- _Dataset extract_:
──────────────────────────────

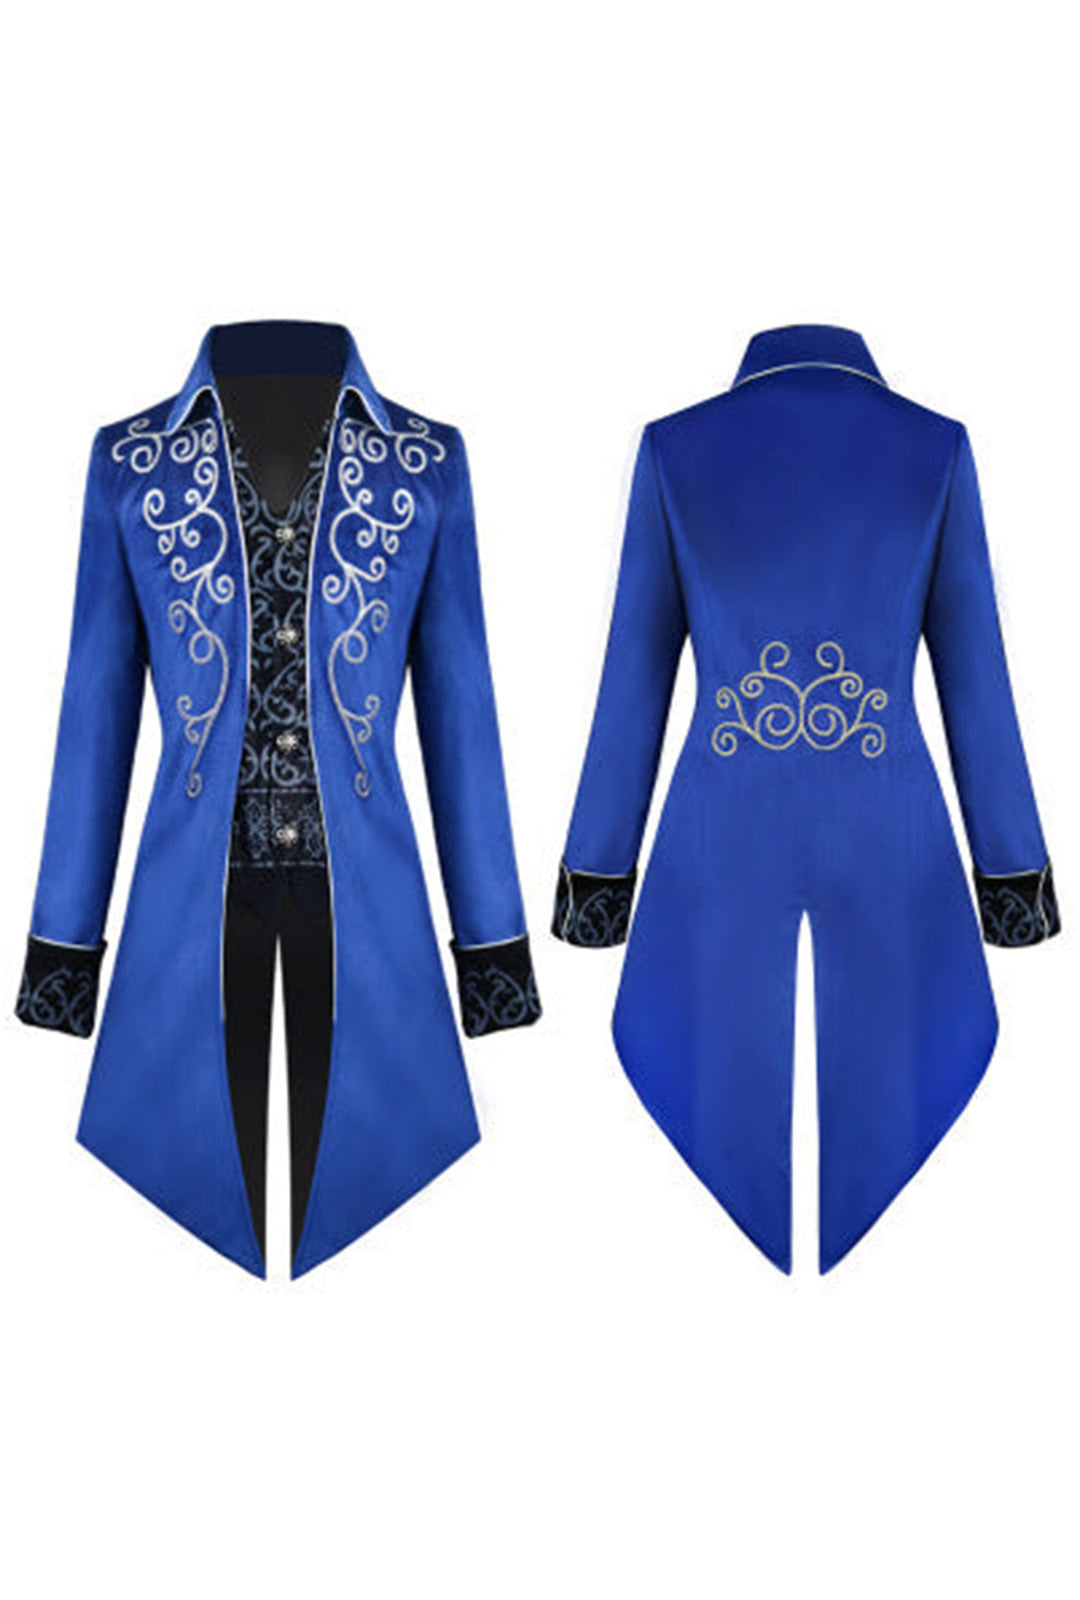 Blue Baroque Steampunk Jacket – Hurly-Burly
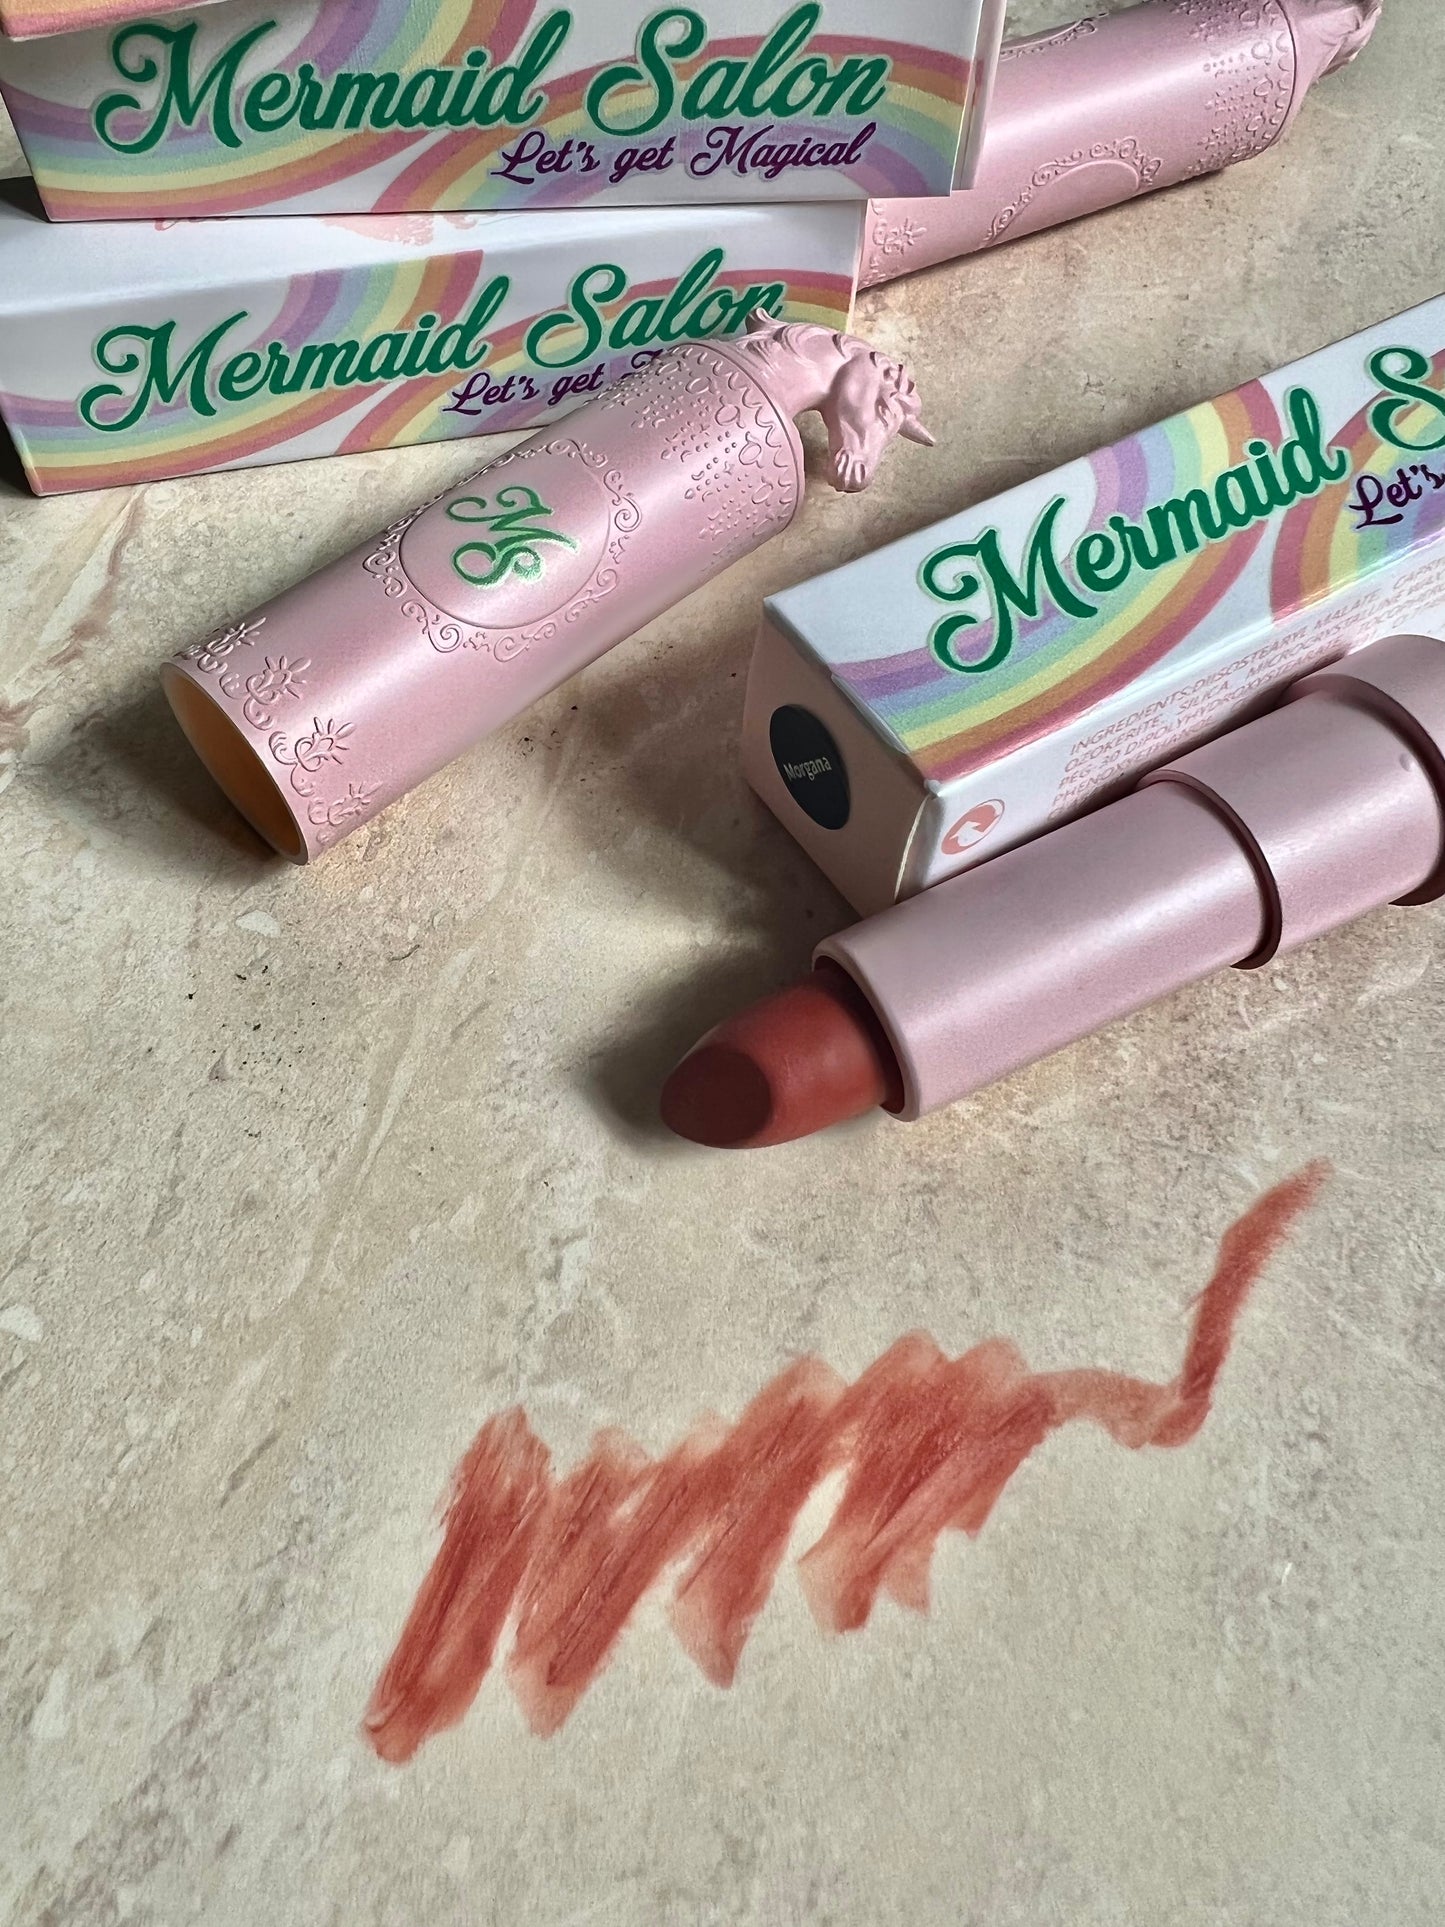 MORGANA - Traditional Cream Velvet lipstick
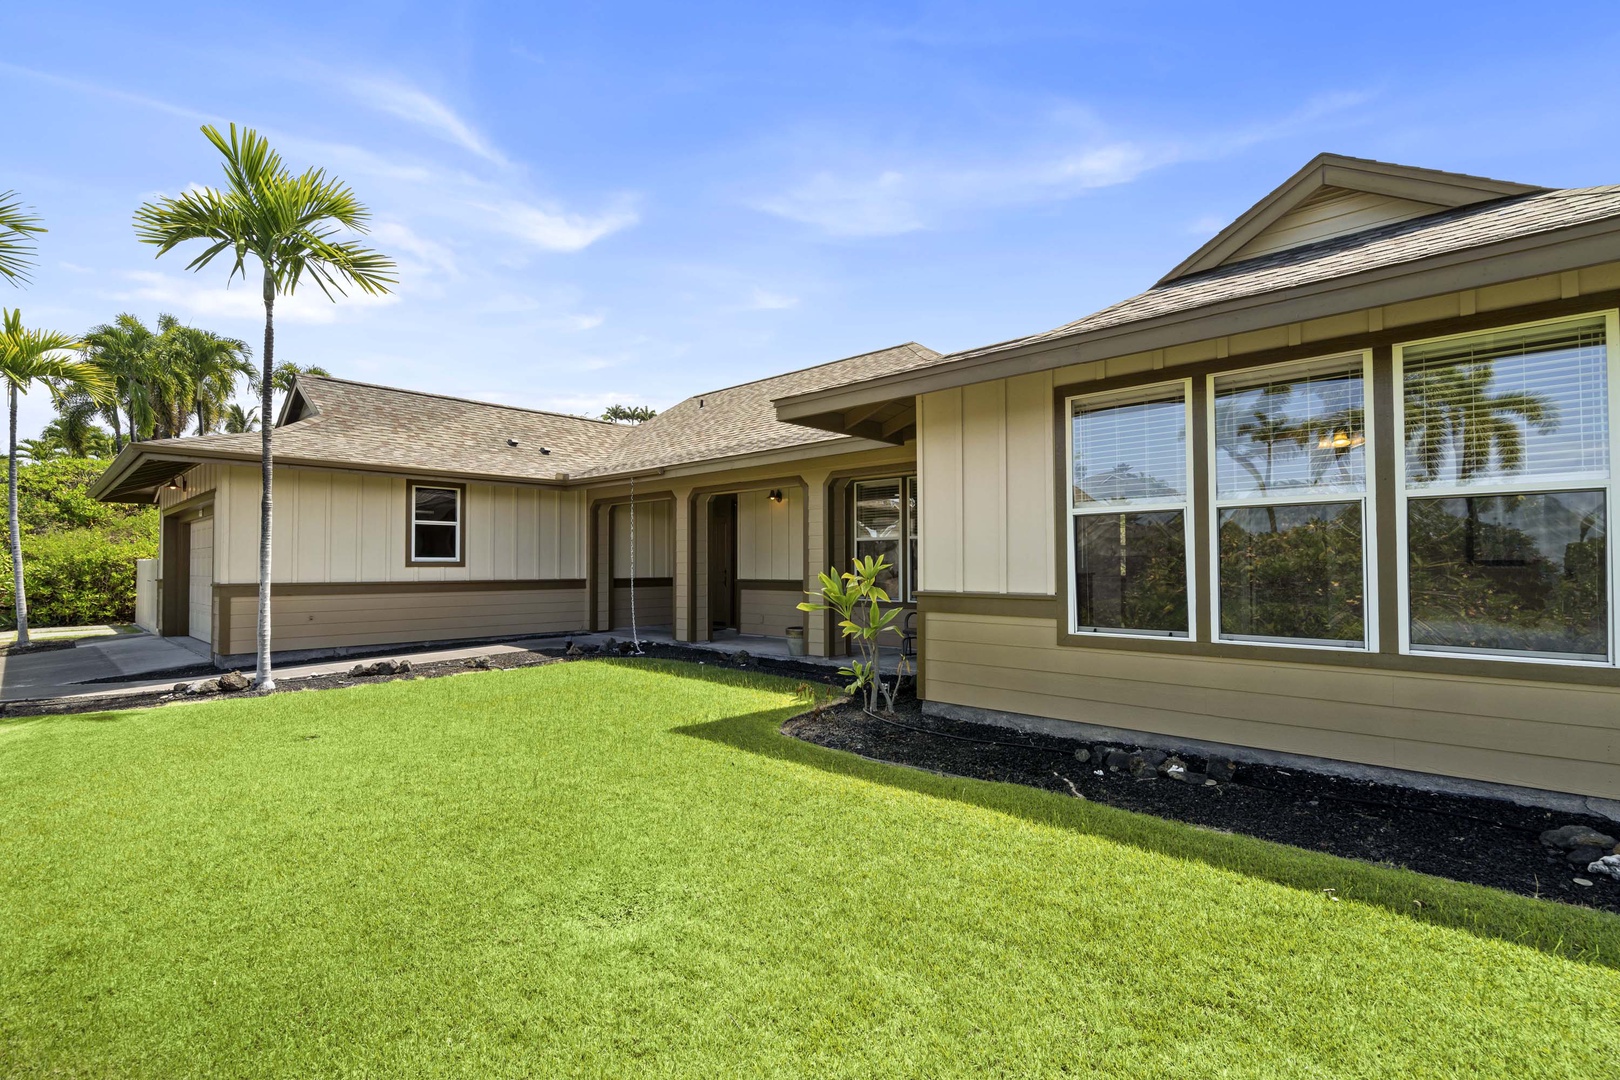 Kailua Kona Vacation Rentals, Kahakai Estates Hale - Nature's carpet: a lush and vibrant green grassy lawn.

──────────────────────────────

- _What the task requires_: Print the complete listing exactly, apart from any pictures.

- _Expected output_:
 Blue Baroque Steampunk Jacket – Hurly-Burly
 MORGANA - Traditional Cream Velvet lipstick
 Kailua Kona Vacation Rentals, Kahakai Estates Hale - Nature's carpet: a lush and vibrant green grassy lawn.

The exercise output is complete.